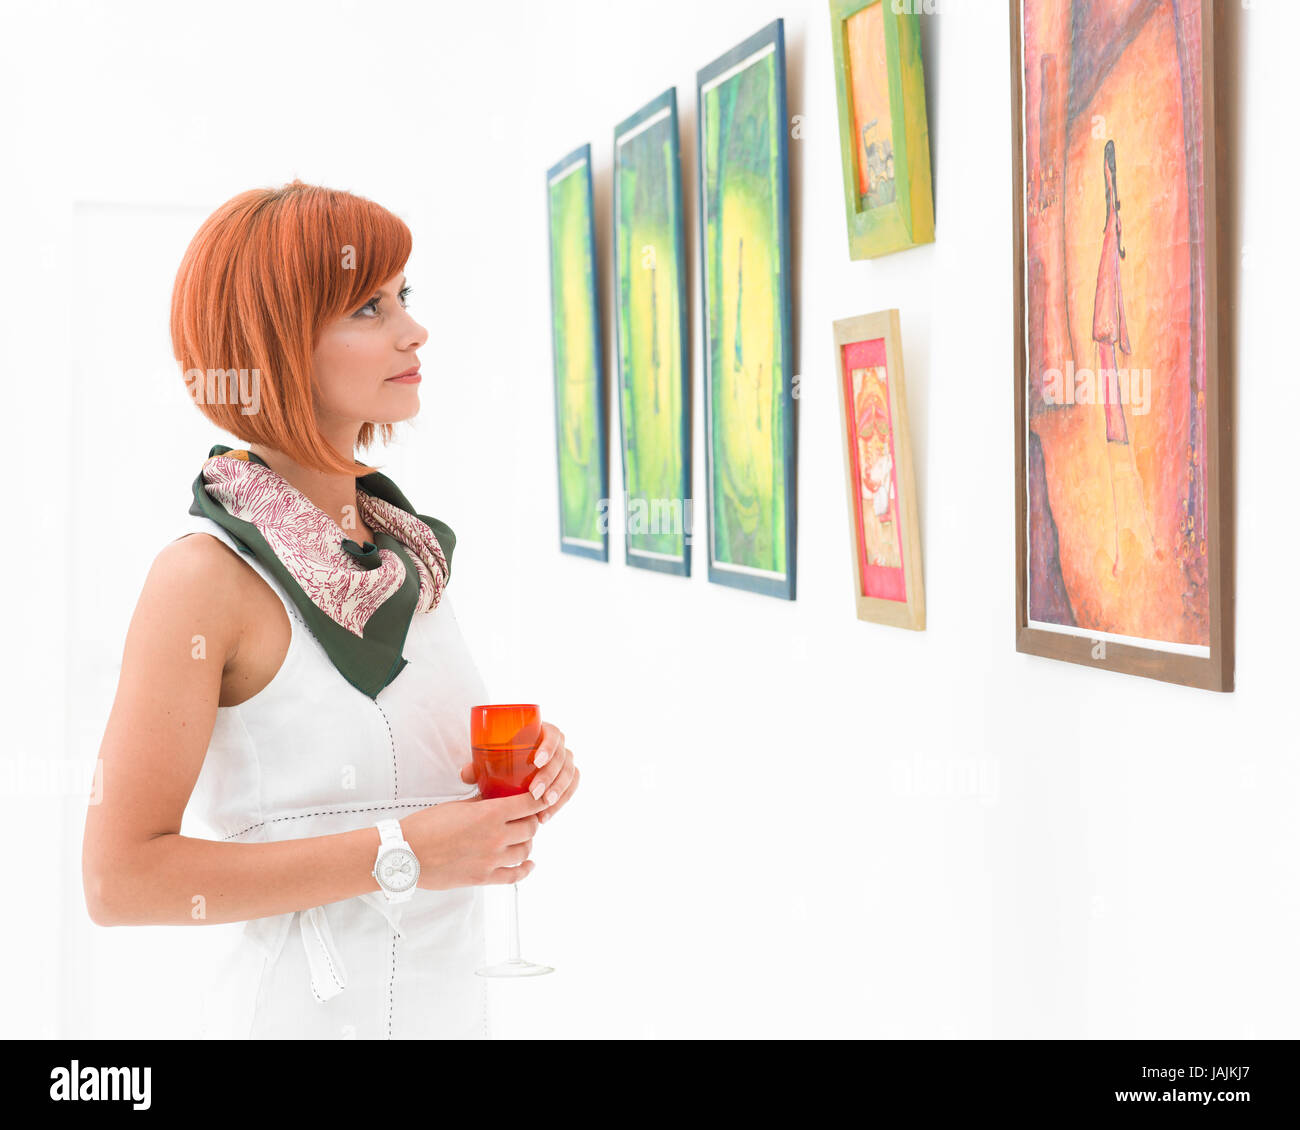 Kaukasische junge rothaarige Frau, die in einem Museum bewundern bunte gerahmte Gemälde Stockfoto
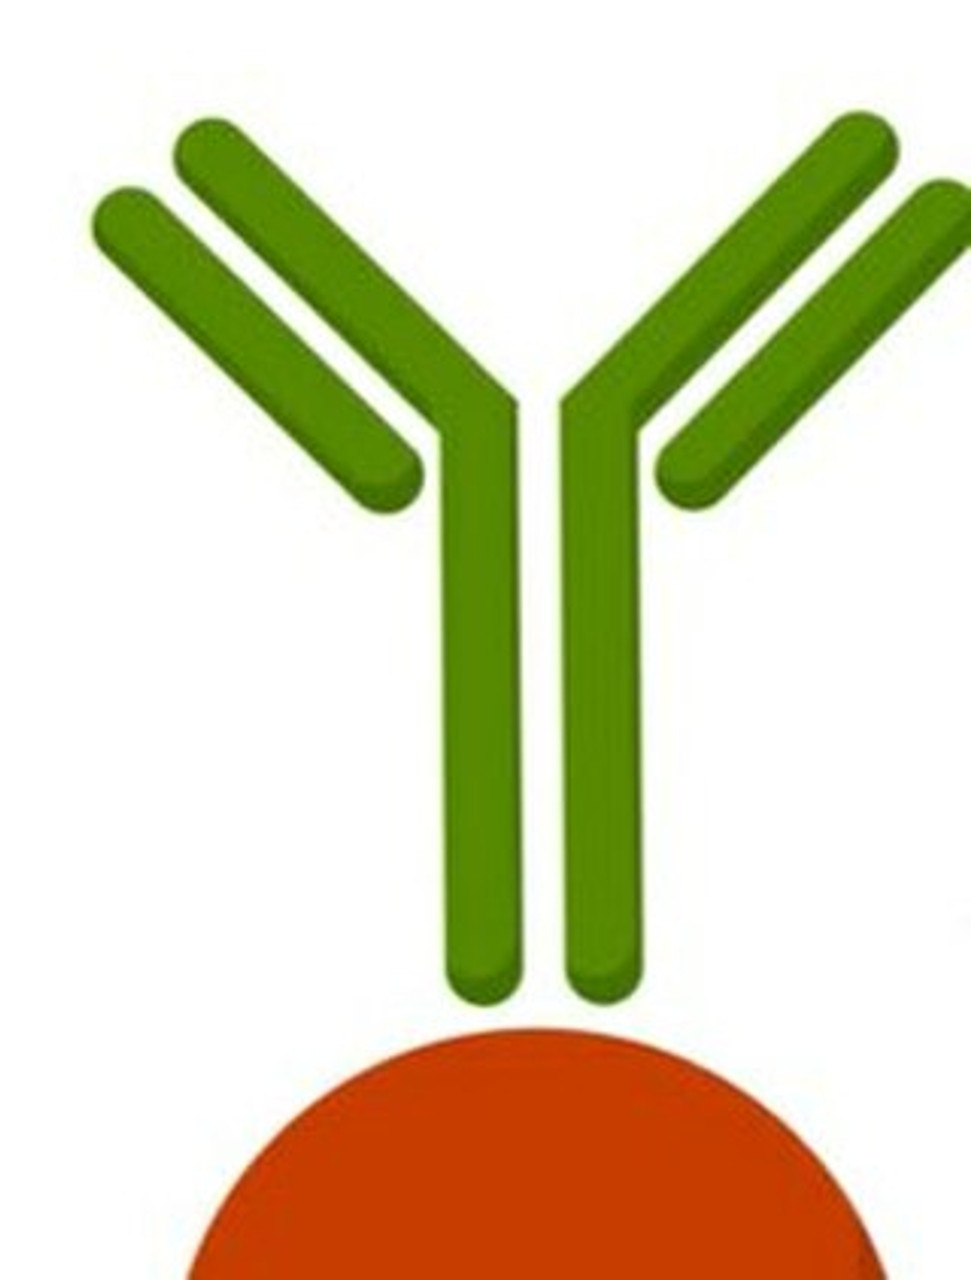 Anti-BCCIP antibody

==

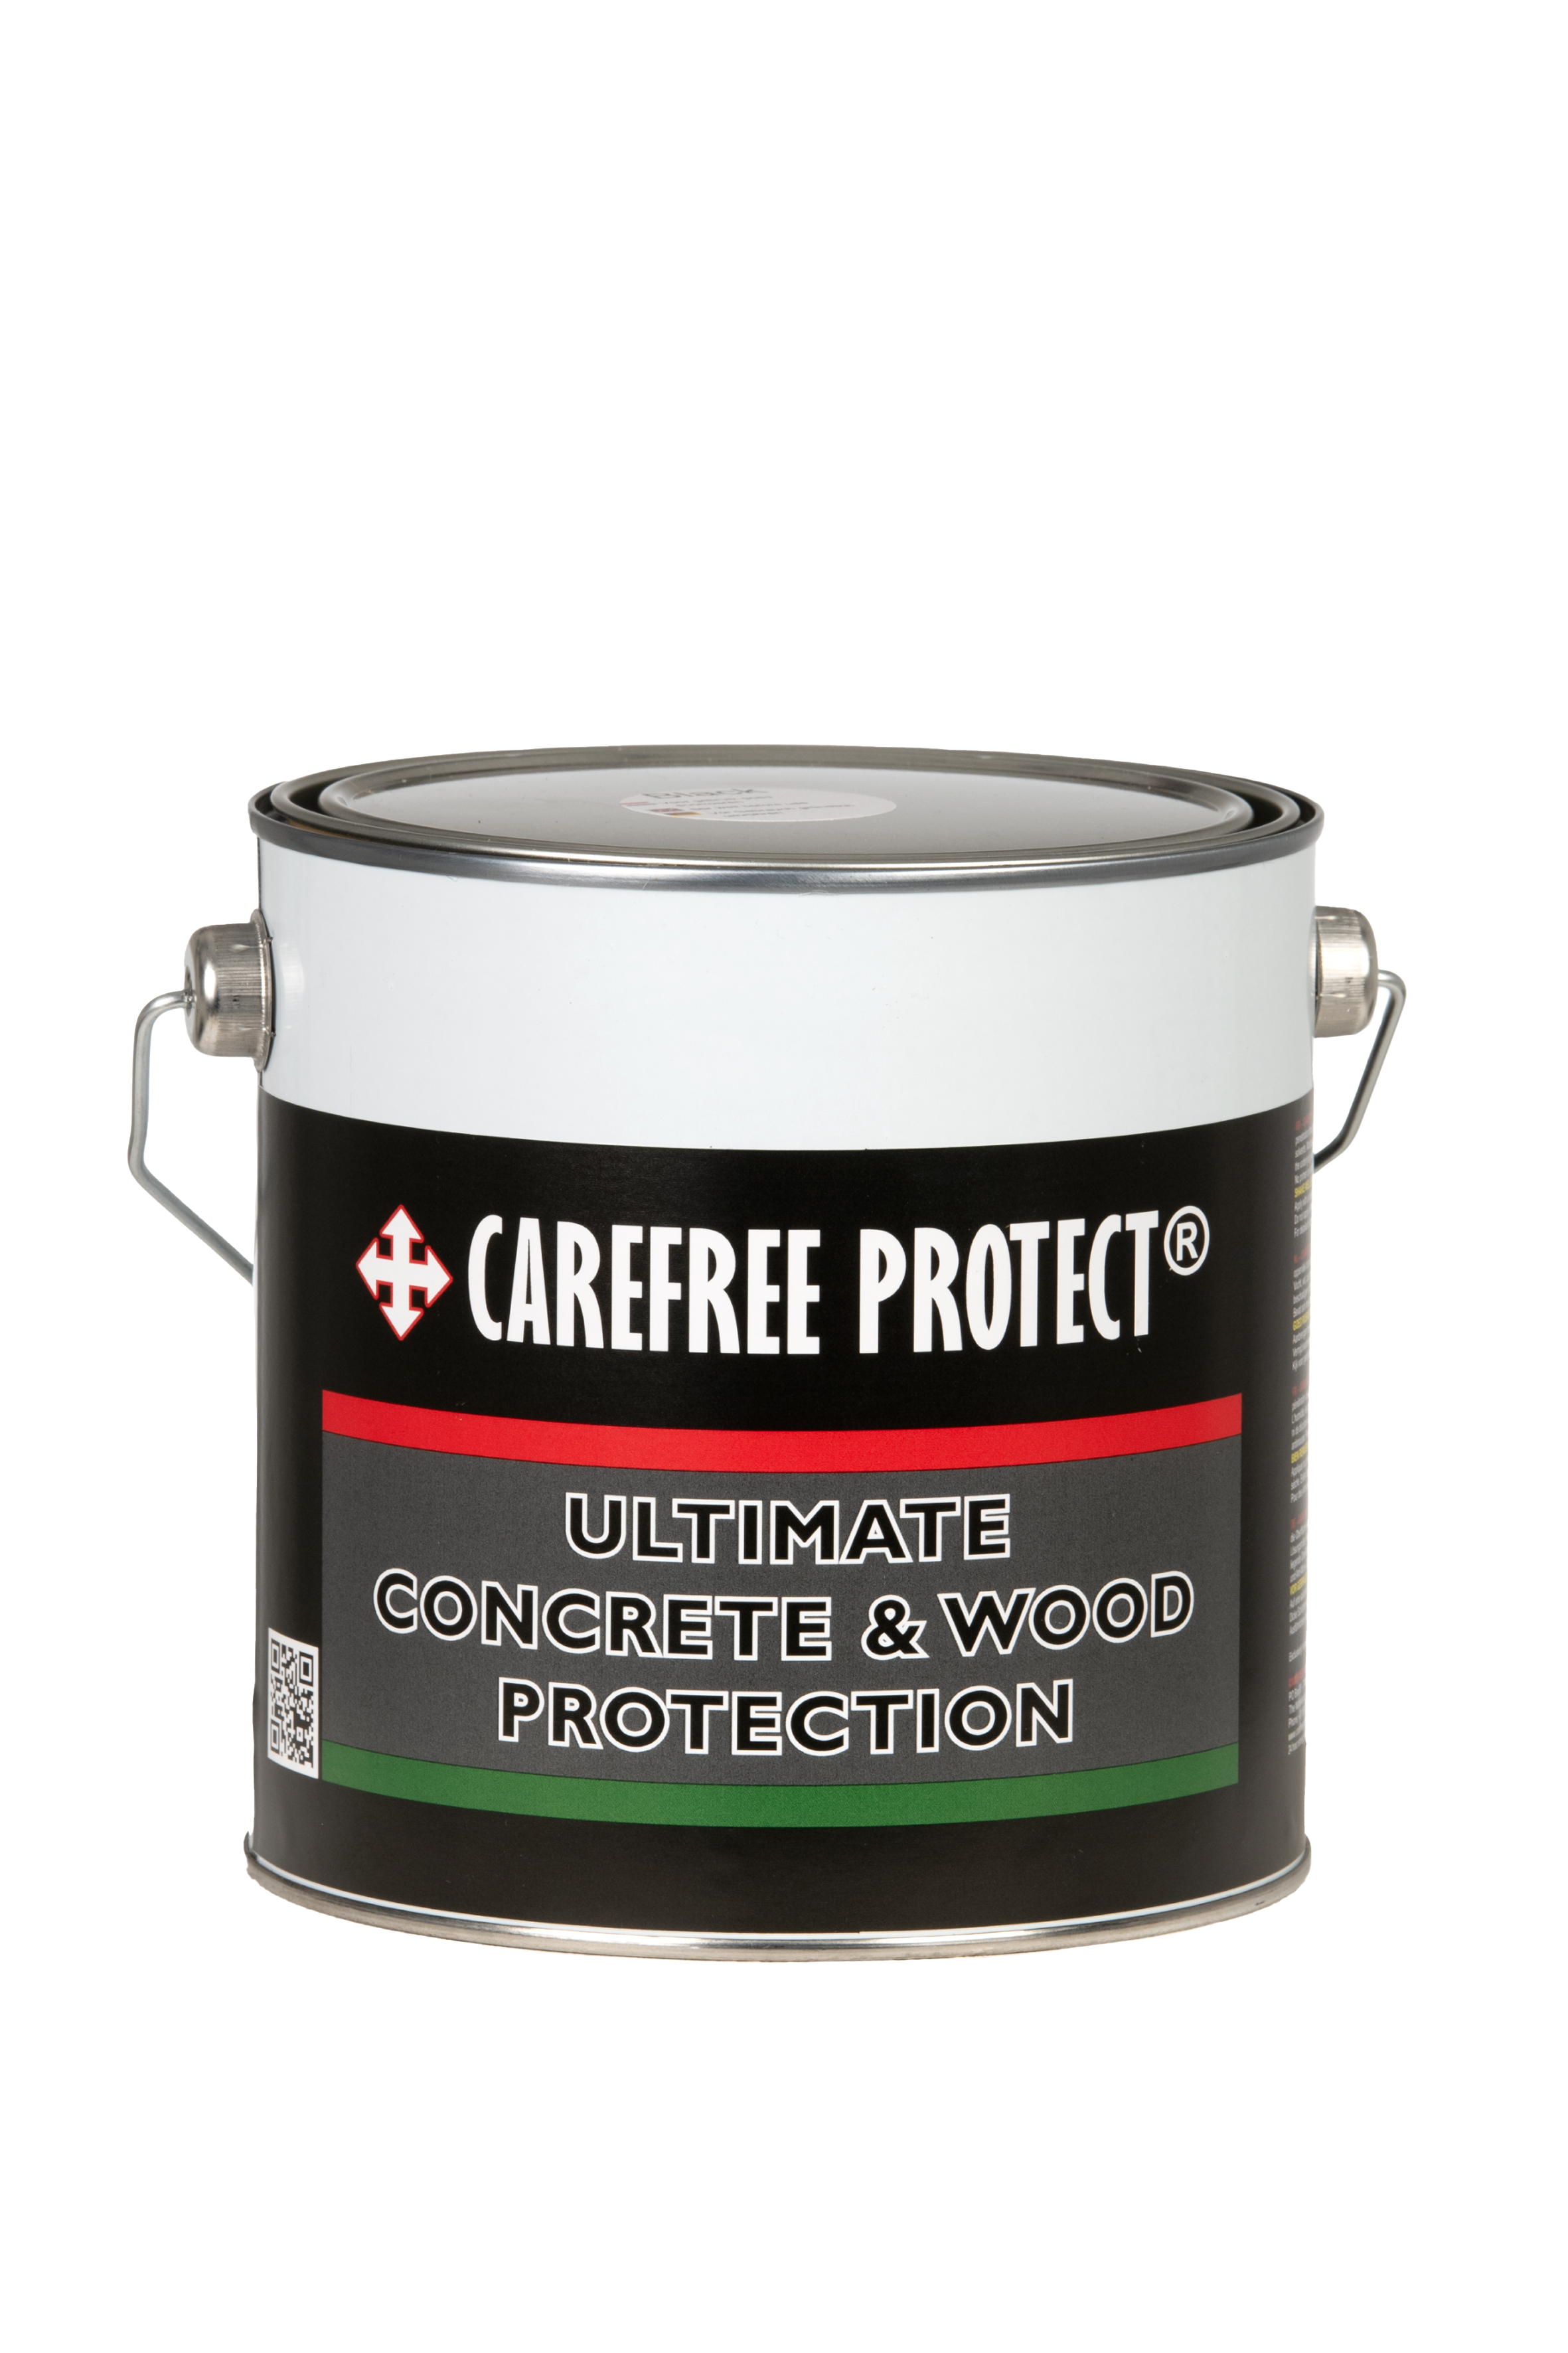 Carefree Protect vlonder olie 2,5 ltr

Exercise requirements: Write out exactly the run of lines above that starts at the line containing "Kaukasische junge rothaarige" and ends at the line containing "Anti-BCCIP antibody". Include both, and leave the pictures out.

Solution to this task:
 Kaukasische junge rothaarige Frau, die in einem Museum bewundern bunte gerahmte Gemälde Stockfoto
 Anti-BCCIP antibody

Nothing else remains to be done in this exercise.